## Your assignment
Copy the entries below exactly. Images do not belong in the copy.

Top of Dataset

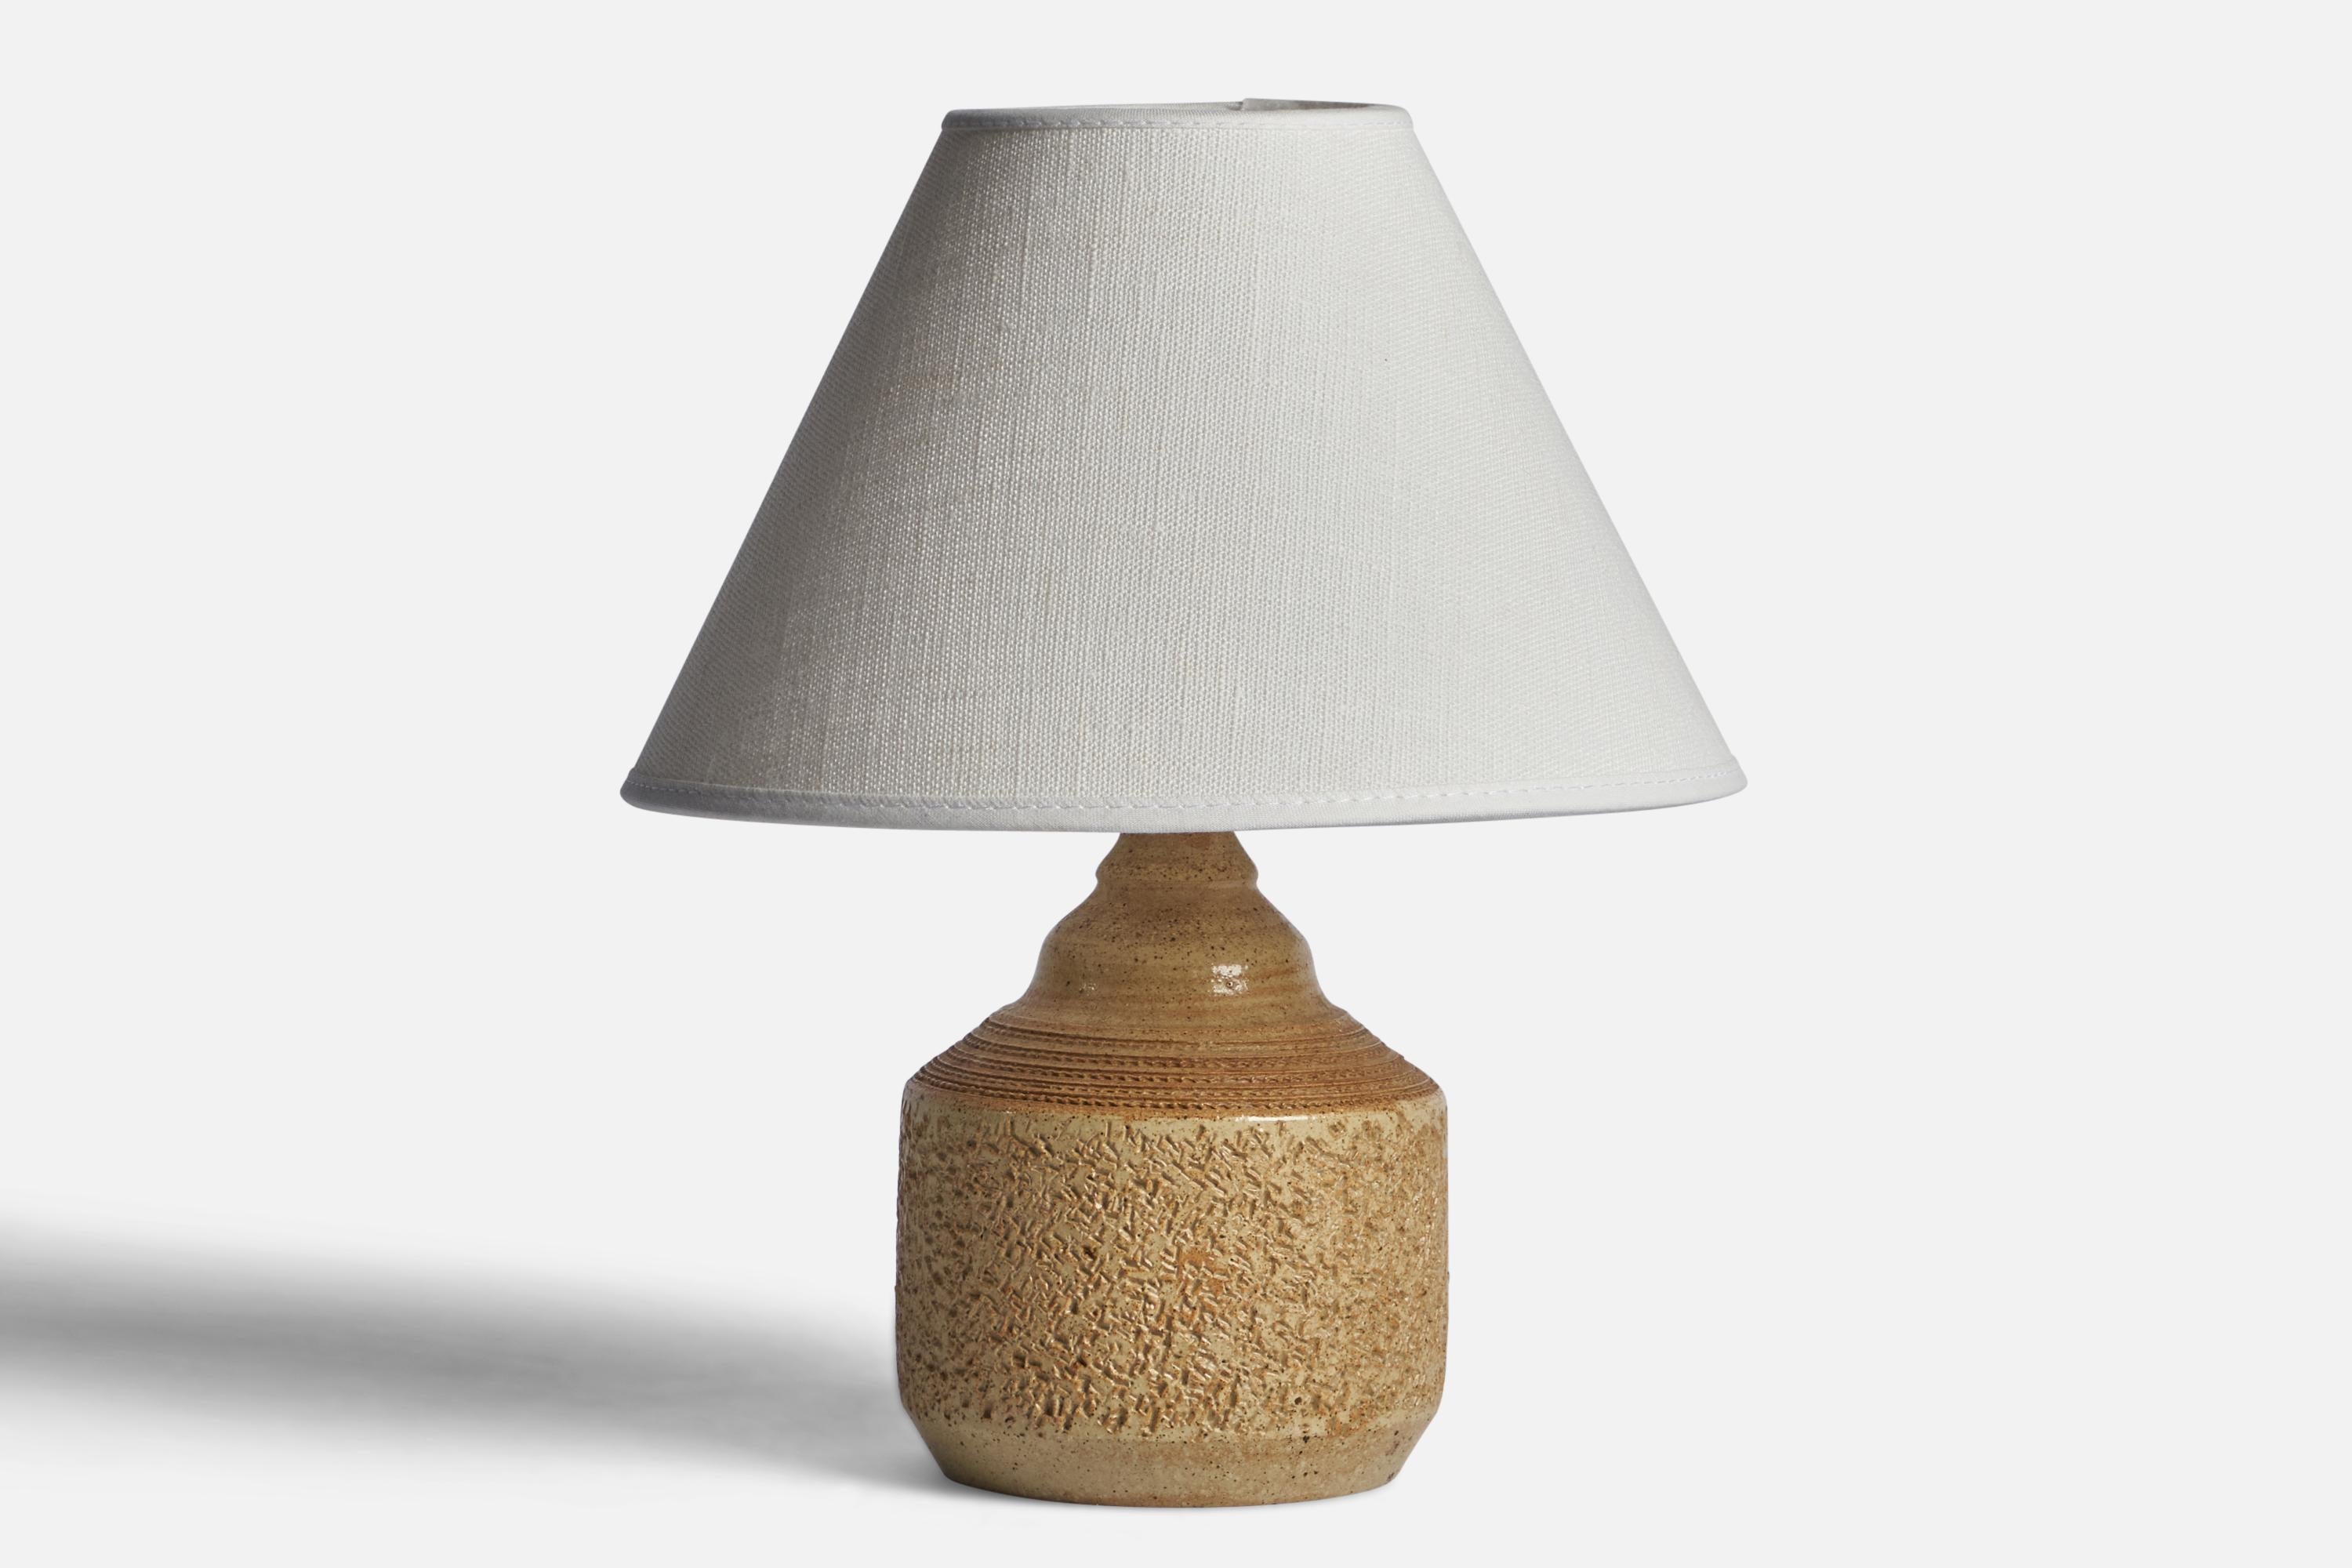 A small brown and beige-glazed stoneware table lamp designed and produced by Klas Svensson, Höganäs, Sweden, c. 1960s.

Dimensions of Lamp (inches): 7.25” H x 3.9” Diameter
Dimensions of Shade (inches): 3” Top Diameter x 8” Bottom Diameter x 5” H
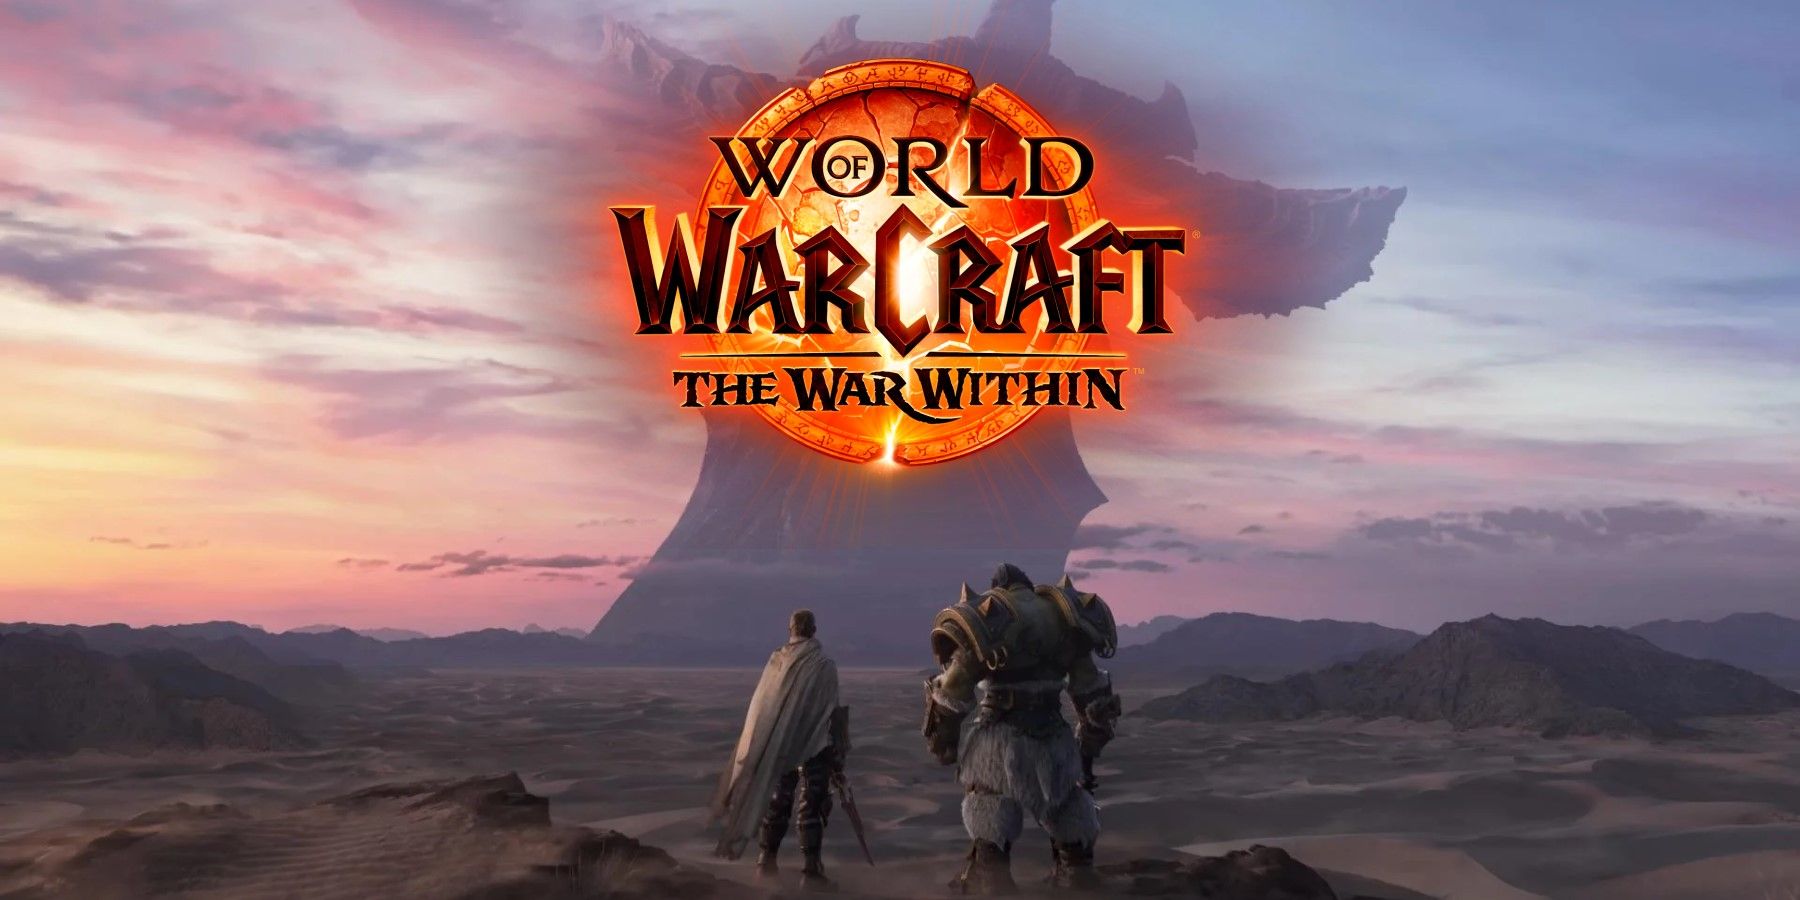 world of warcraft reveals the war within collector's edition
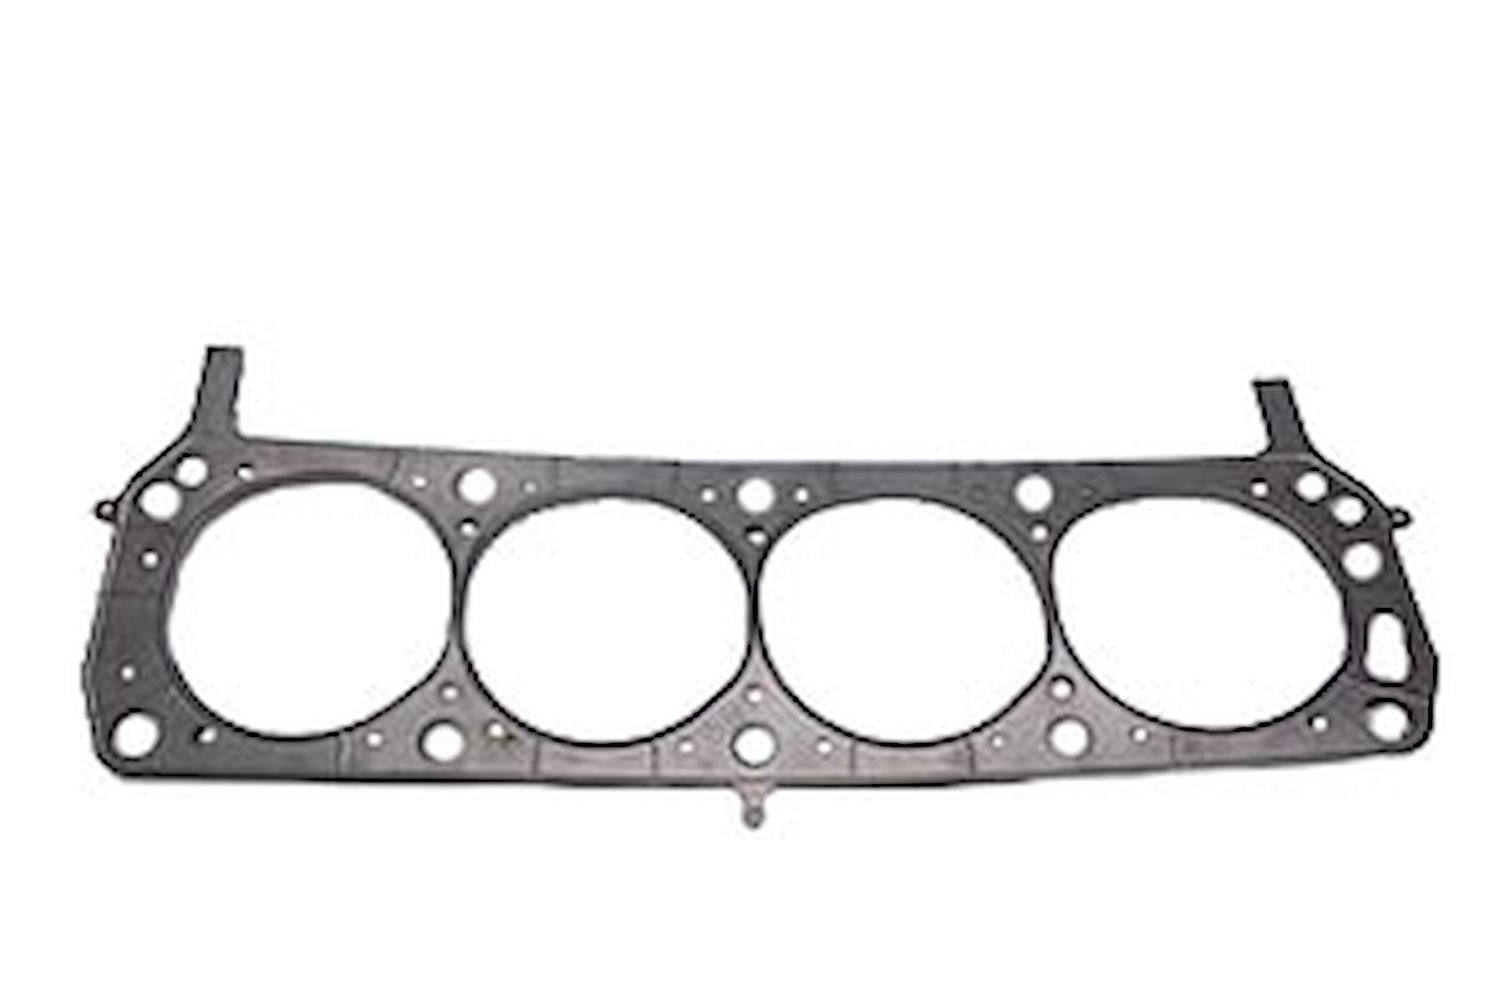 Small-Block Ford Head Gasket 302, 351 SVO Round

Bottom of Dataset

## Answer box
 A small brown and beige-glazed stoneware table lamp designed and produced by Klas Svensson, Höganäs, Sweden, c. 1960s.

Dimensions of Lamp (inches): 7.25” H x 3.9” Diameter
Dimensions of Shade (inches): 3” Top Diameter x 8” Bottom Diameter x 5” H
 world of warcraft reveals the war within collector's edition
 Small-Block Ford Head Gasket 302, 351 SVO Round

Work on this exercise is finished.